Here, \(\Vert \) denotes concatenation.

3.2.4 LSTM-decoder module for future vehicle trajectory prediction

In vehicle trajectory prediction, our objective is to anticipate future movements of vehicles based on real-world trajectory datasets. Our model’s intermediate state vector comprises two parts: the hidden variables of V-LSTM, the hidden variables of MV-LSTM. The intermediate state vector is calculated as:

$$\begin{aligned} s_{{v_i}^{T_P}} = s_{v_i} \end{aligned}$$
(10)

where \(s_{v_i}\) is obtained from Eq. (9). This intermediate state vector serves as the initial hidden state of the decoder LSTM, termed as D-LSTM.

The predicted relative position is given by

$$\begin{aligned} (\Delta x_{v_i}^{T_{P}+1}, \Delta y_{v_i}^{T_{P}+1}) = \nu _3(s_{v_i}^{T_{P}+1}) \end{aligned}$$
(11)

where

$$\begin{aligned} {\hat{s}}_{v_i}^{T_{P}+1} = \text {D-LSTM}( s_{v_i}^{T_P}, p_{v_i}^{T_P}; W_s) \end{aligned}$$
(12)

with \(W_s\) representing the D-LSTM weight, and \(\nu _3(\cdot )\) denoting a linear layer. After obtaining the predicted relative position at time-step \(T_{P} + 1\), the subsequent inputs of D-LSTM are calculated based on the last predicted relative position. Converting relative positions to absolute positions facilitates computing the loss.

3.3 Loss function

In our model training process, we employ the Mean Squared Error (MSE) loss function, as detailed in [41]. This loss function quantifies the disparity between predicted and observed trajectory data. The overall loss, denoted as \({\mathbb {L}}\), is computed using the following formula:

$$\begin{aligned} {\mathcal {L}} = \frac{1}{T_F} \sum _{t=1}^{T_F} {\mathcal {L}}^{t} = \frac{1}{T_F} \sum _{t=1}^{T_F} || {\mathcal {Y}}_{\textrm{pred}}^{t} - {\mathcal {Y}}_{\textrm{real}}^{t} || \end{aligned}$$
(13)

Here, \(T_F\) represents the prediction window, \({\mathcal {L}}^t\) signifies the loss at instance t, and \({\mathcal {Y}}_{\textrm{pred}}^{t}\) and \( {\mathcal {Y}}_{\textrm{real}}^{t}\) denote the predicted and real trajectory data, respectively. The loss function computes the mean squared difference between the predicted and real trajectories over the prediction window, providing a measure of the model’s predictive accuracy.

4 Dataset

Our model has been trained and evaluated using two urban datasets: the Apolloscape trajectory prediction dataset [42] and the Argoverse Motion Forecasting dataset. While the Apolloscape dataset provides information about object types, the Argoverse dataset lacks proper object definitions. Our aim was to create a universal model capable of accommodating all datasets. However, even in the Apolloscape dataset, there are vague classes such as ‘others,’ and uncertainties persist regarding the sizes of vehicles.
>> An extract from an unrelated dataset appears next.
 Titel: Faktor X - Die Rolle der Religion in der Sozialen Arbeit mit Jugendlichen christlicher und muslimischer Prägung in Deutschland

Despite these challenges, our model focuses more on the maneuver patterns and surrounding context of objects rather than relying solely on object size or type. This approach is supported by the fact that object positions are typically given as centroids, reducing the influence of object size or type on trajectory prediction. Instead, the model considers factors such as surrounding vehicles and changes in movement over time, leveraging Graph Attention Layers and LSTM for predicting future trajectories. Details regarding the training, testing, and validation sets for the three datasets are provided in Table 1.
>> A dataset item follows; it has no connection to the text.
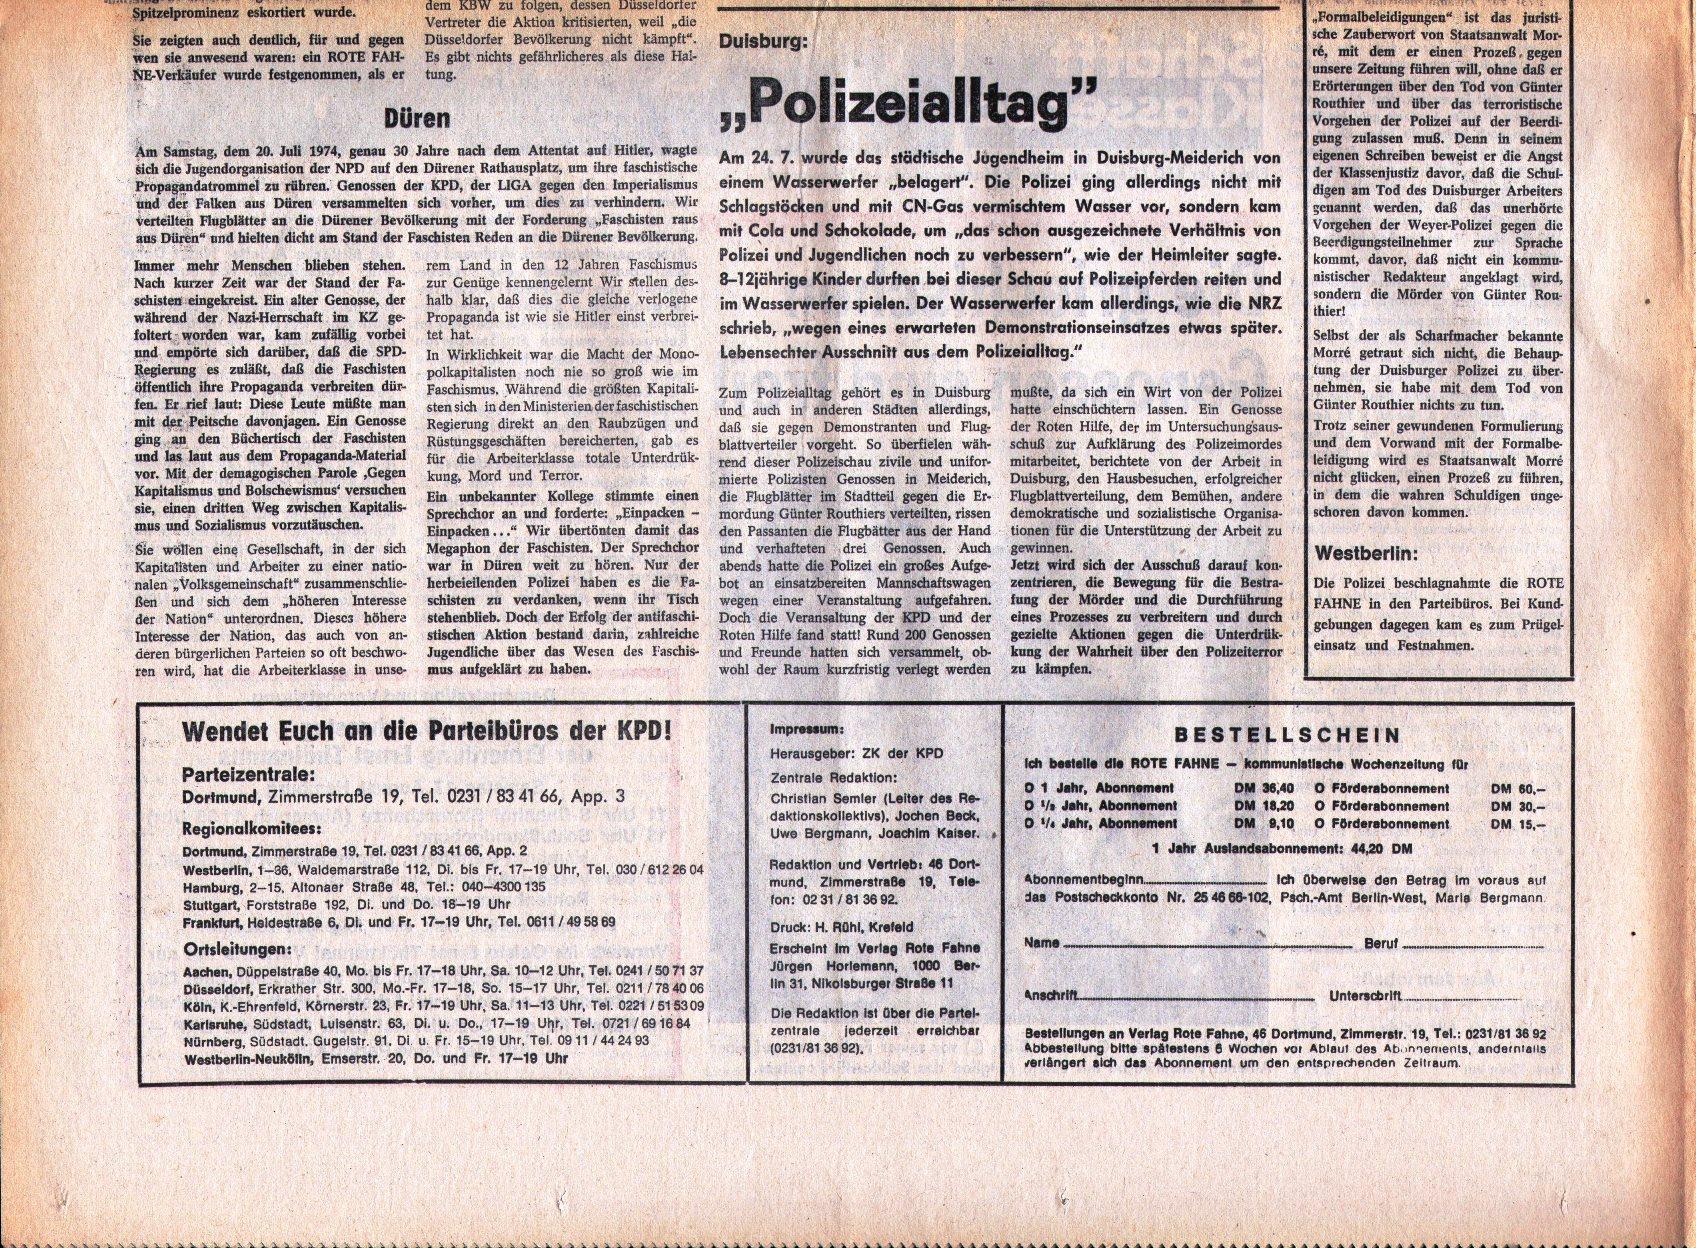 KPD_Rote_Fahne_1974_31_04

Table 1 Urban dataset used to train the proposed model

4.1 Apolloscape dataset

The Apolloscape trajectory dataset [42] comprises camera-based images, LiDAR-generated point clouds, and meticulously annotated trajectories. This dataset captures diverse urban environments with varying traffic densities and lighting conditions. Notably, it encompasses a diverse range of dynamic entities, including vehicles, cyclists, and pedestrians, navigating through highly complex traffic scenarios. The Apolloscape dataset comprises 53 min of training sequences and 50 min of testing sequences, all captured at a consistent frame rate of 2 s. Each line in the text files of the dataset provides detailed information about objects at specific time frames, including frame ID, object ID, object type, position coordinates (xyz), object dimensions (length, width, height), and heading. The positions are given in meters within the world coordinate system.

4.2 The Argoverse dataset

The Argoverse Motion Forecasting dataset is sourced from 1006 h of driving data collected in Pittsburgh and Miami, USA. This dataset facilitates 3D tracking and motion forecasting in urban settings. With approximately 200 million trajectories recorded at a sampling rate of 10 Hz, trajectories are segmented into 5-s intervals for analysis. For this study, each trajectory sequence is resampled from 10 to 5 Hz to maintain consistency in the investigation. These datasets provide rich and diverse sources of data, enabling our model to learn and generalize across a wide spectrum of urban driving scenarios, thereby enhancing its effectiveness in real-world applications. The dataset is organized into CSV files, with each file corresponding to a scenario. Each row in the CSV files includes a timestamp, object ID, object type, x and y coordinates representing the object’s position, and the data collection location.

4.3 Pre-processing

The datasets undergo pre-processing before being converted into text files, where each row comprises the columns: Frame ID, Object ID, X coordinate, Y Coordinate, and Dataset ID. Frame IDs are adjusted to range between 1 and n, and Object IDs between 1 and N, ensuring sequential and nonmissing IDs. Dataset IDs differentiate scenes within a dataset, as objects or agents may vary across scenes. The training sequence length and prediction sequence length for each dataset are determined based on the dataset’s frame rate and the desired time intervals. If a dataset is too large, only selected scenes may be considered using Dataset IDs. Finally, pickle files are generated for training and evaluation. The size of training, testing, and validation samples is determined by the number of T-second-long observation sequences of road agent positions, with T set to 3 in this case.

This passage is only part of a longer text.